Ines Rahmany
Adv. Artif. Intell. Mach. Learn., 2 (4):516-532
Ines Rahmany : Faculty of Science and Techniques of Sidi Bouzid, University of Kairouan
DOI: 10.54364/AAIML.2022.1135
Article History: Received on: 19-Oct-22, Accepted on: 01-Dec-22, Published on: 10-Dec-22
Corresponding Author: Ines Rahmany
Email: ines.rahmani@fstsbz.u-kairouan.tn
Citation: Ines Rahmany (2022). Missing Data Recovery in the e-health context based on Machine Learning models. Adv. Artif. Intell. Mach. Learn., 2 (4 ):516-532
Diabetes mellitus is a set of metabolic illnesses characterized by abnormally high blood sugar levels. In 2017, 8.8% of the world’s population
had diabetes. By 2045, it is expected that this percentage will have
risen to approximately 10%. Missing data, a prevalent problem even
in a well-designed and controlled study, can have a major impact on
the conclusions that can be derived from the available data. Missing
data may decrease a study’s statistical validity and lead to erroneous
results due to distorted estimations.

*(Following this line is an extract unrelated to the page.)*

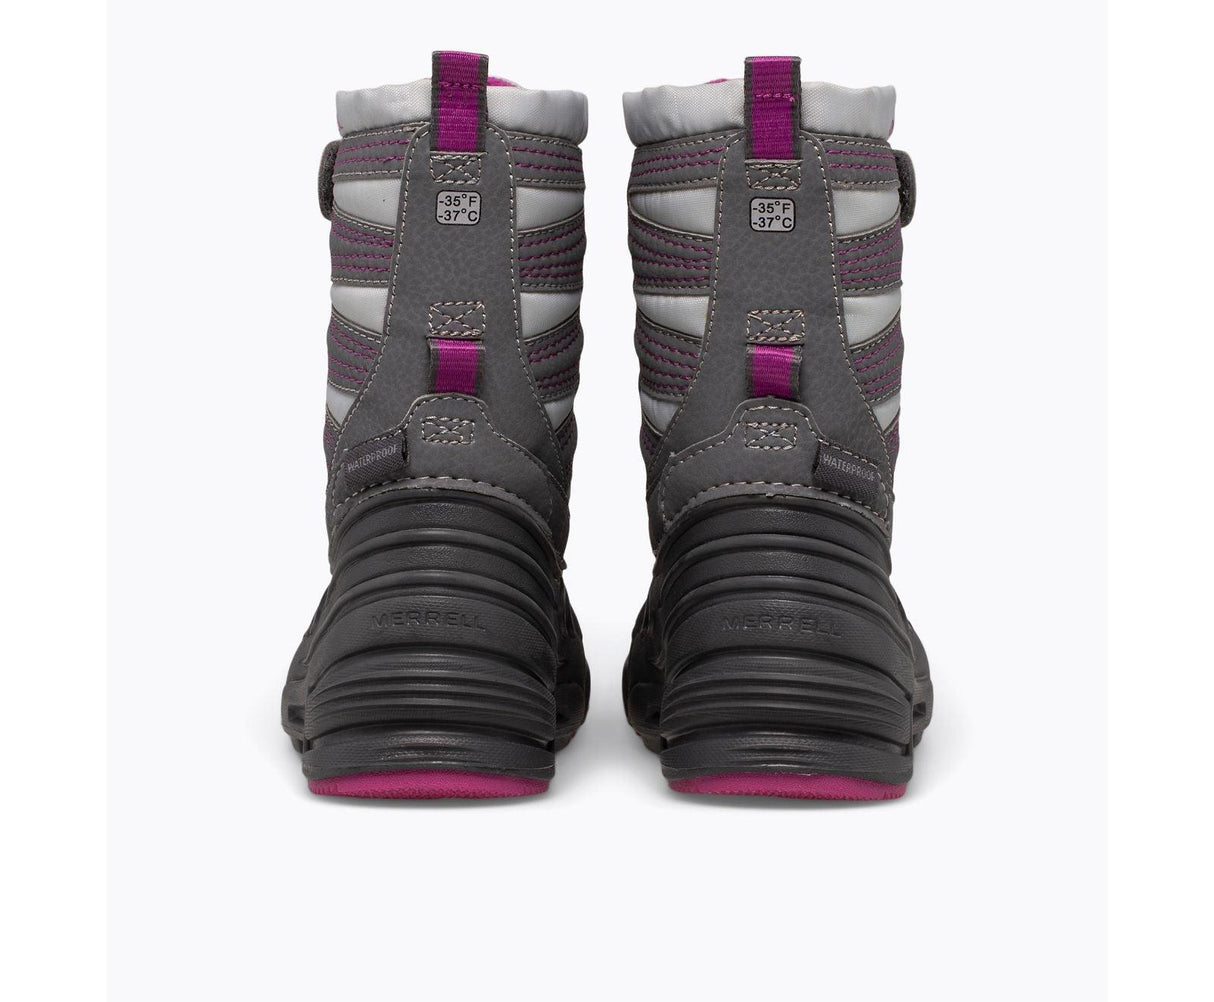 Merrell Toddler Girls Snow Quest Boots - A&M Clothing & Shoes

In this study, we hypothesize
that (a) replacing missing values using machine learning techniques
rather than the mean value and group mean value and (b) using
SVM kernel RBF classifier will result in the highest level of accuracy in comparison to traditional techniques such as DT, RF, NB,
SVM, AdaBoost, and ANN. The classification results improved significantly when using regression to replace the missing values over the group median or the mean. This is a 10% improvement over
previously developed strategies that have been reported in the literature.